The problem of good

The problem of good July 26, 2014

Ann-VoskampThis article from Ann Voskamp is so helpful, and so important. I encourage you to read it all. Ann is a gift to the global Church and she is really onto something in her writings.

So after dinner, she picks coneflowers in the garden.

Cradles the long stems in her apron skirt, carries them up through the picket gate.

And she turns to me on the top step of the porch, holds her apron out to me, all those purple petals — art in an apron.

“Why is there all this loveliness?”

She wants to know . . .

The existence of loveliness everywhere, it begs explaining.

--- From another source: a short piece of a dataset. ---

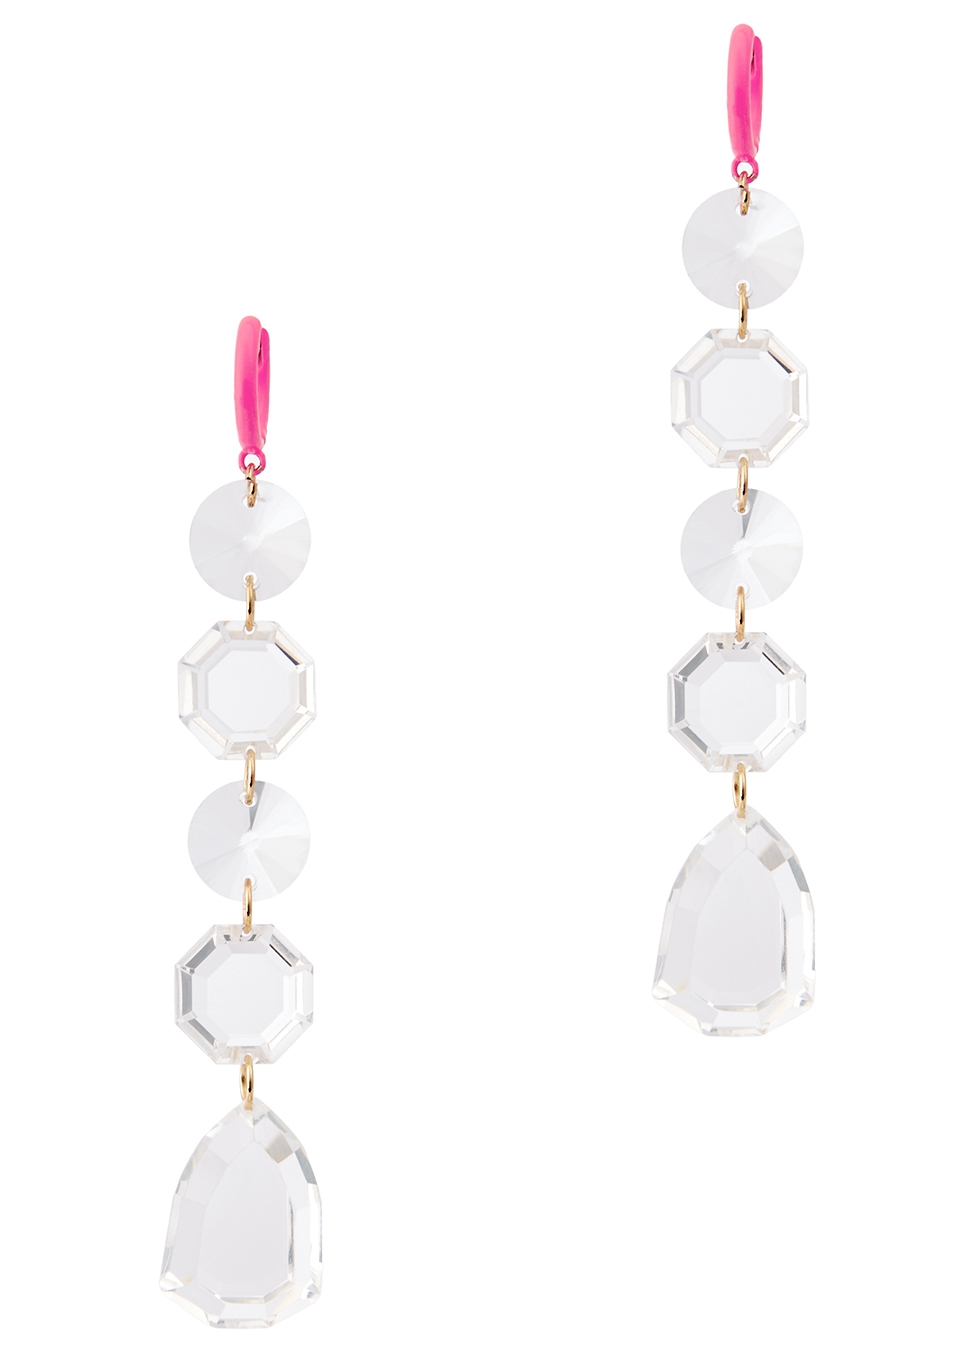 Sofianne acrylic crystal drop earrings - Baublebar

If I raise the problem of evil in this world — shouldn’t she raise higher the greater problem of good? If evil is seeming evidence to eradicate God from our mental landscape, then doesn’t goodness, even in this apron, testify to the gospel truth of God?

How can we behold loveliness — and say that this world looks like this if there were no God?

I don’t know if I have ever thought of this before — the great problem of good on this planet.

The philosopher Augustine had asked two questions of the world:

  • “If there is no God, why is there so much good?
  • If there is a God, why is there so much evil?”

I wonder if I have spent a lifetime murmuring under my breath only the second question?

But why don’t I first get hung up on the first question? The question my girl is bringing in with the flowers — why all this loveliness and where does it come from?

The great problem of good on this planet implies that there is a Great God in heaven.